Reconstructing the state depends on our choice of the value for quorum. To be able to fully reconstruct the state, quorum must be larger than half the number of master servers.

The Mesos slaves are also resilient in that they’re each expendable. If a Mesos slave dies while running a task, it gets marked as “Lost” in the Mesos master and that task will eventually get rescheduled to run on another machine.

Zookeeper

Since we are using Zookeeper to coordinate everything, it is imperative that it is running. Otherwise slaves will not know who the leading master is and so they will not get any tasks to run.


Open Questions and Problems

Mesos is very powerful and can provide ways to not only run computational frameworks like Spark and Hadoop, but can run general tasks and even services inside Docker containers. This means you can use Mesos to coordinate running services like Cassandra, Redis, and even web application servers like Tomcat.

There is also a framework called Chronos which essentially lets you run distributed cron jobs.

Spark Rejecting Resources

Spark will reject offers from Mesos if the number of CPUs a Spark task requires (by default 1) is less than half the available CPUs on a Mesos slave.

This is something that was not clearly documented, but should not be an issue if using Mesos slaves that have at least 2 CPUs. Just good to keep in mind.

Slave Recovery

Still an open problem. For especially long jobs, slave recovery from accidental mesos termination may become something very important. There is a plan for Slave Recovery in Mesos and can be configured. However, a Mesos slave can only recover if the executor and tasks were continuing to run. A server reboot, for example, would not be recovered.

Networking

If running services over Mesos, one problem is handling NAT or any other networking. Some frameworks exist to help tackle this like Flannel as part of CoreOS, also there is Kubernetes and in the near future Mesophere DCOS.

Will Mesos be around?

Despite there having been an explosion of frameworks to run on top of Mesos, another problem is finding which one will persist and be used one year from now, two years from now, forever?

Non-root Users

To use an unprivileged (non-root) user, eg mesos, there are a few considerations that need to be made. An open problem is determining the best method of handling this situation. There was a point where if the Spark driver, unconfigured for users, after submitting a job to Mesos, would see all the jobs fail because they were attempting to run the jobs under the same user as the one who submitted the job initially, eg rbruns. Not every machine had this user, so those jobs failed.

So through out most of this testing, I was certain the root user existed on every machine and that was what was used.
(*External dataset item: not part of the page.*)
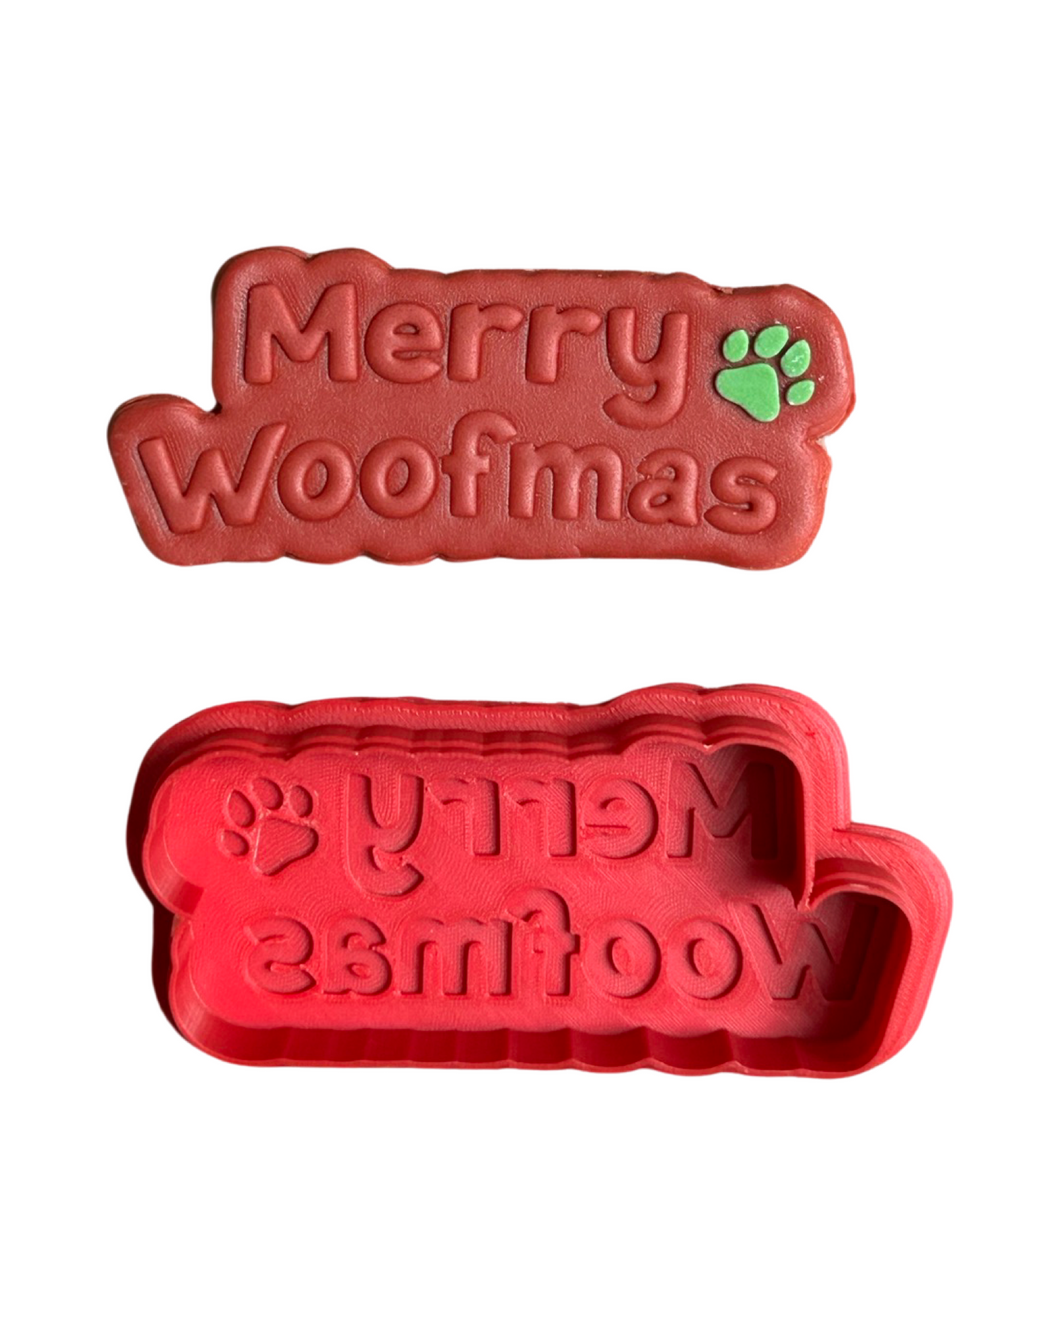 Merry Woofmas Cookie Cutter Stamp Dog Christmas wreath puppy present

Using another user we could just need to ensure all machines have the same user and all Spark jobs are submitted for that user.

Logging

Because many tasks will be running on randomly assigned servers, Mesos provides a rudimentary method of viewing logs, but a more robust system of remote logging would be preferred.

Shared Storage

Currently, Spark cannot reference any files inside a Spark job. If a Spark job references a local file, every Mesos Slave must have the same file at the same path specified in the Spark job. This is not very practical, so using some sort of shared storage is preferred.

There are an abundance of ways to accomplish this though the preferred methods seem to be HDFS or S3. Luckily, there is a way to easily set up HDFS over Mesos.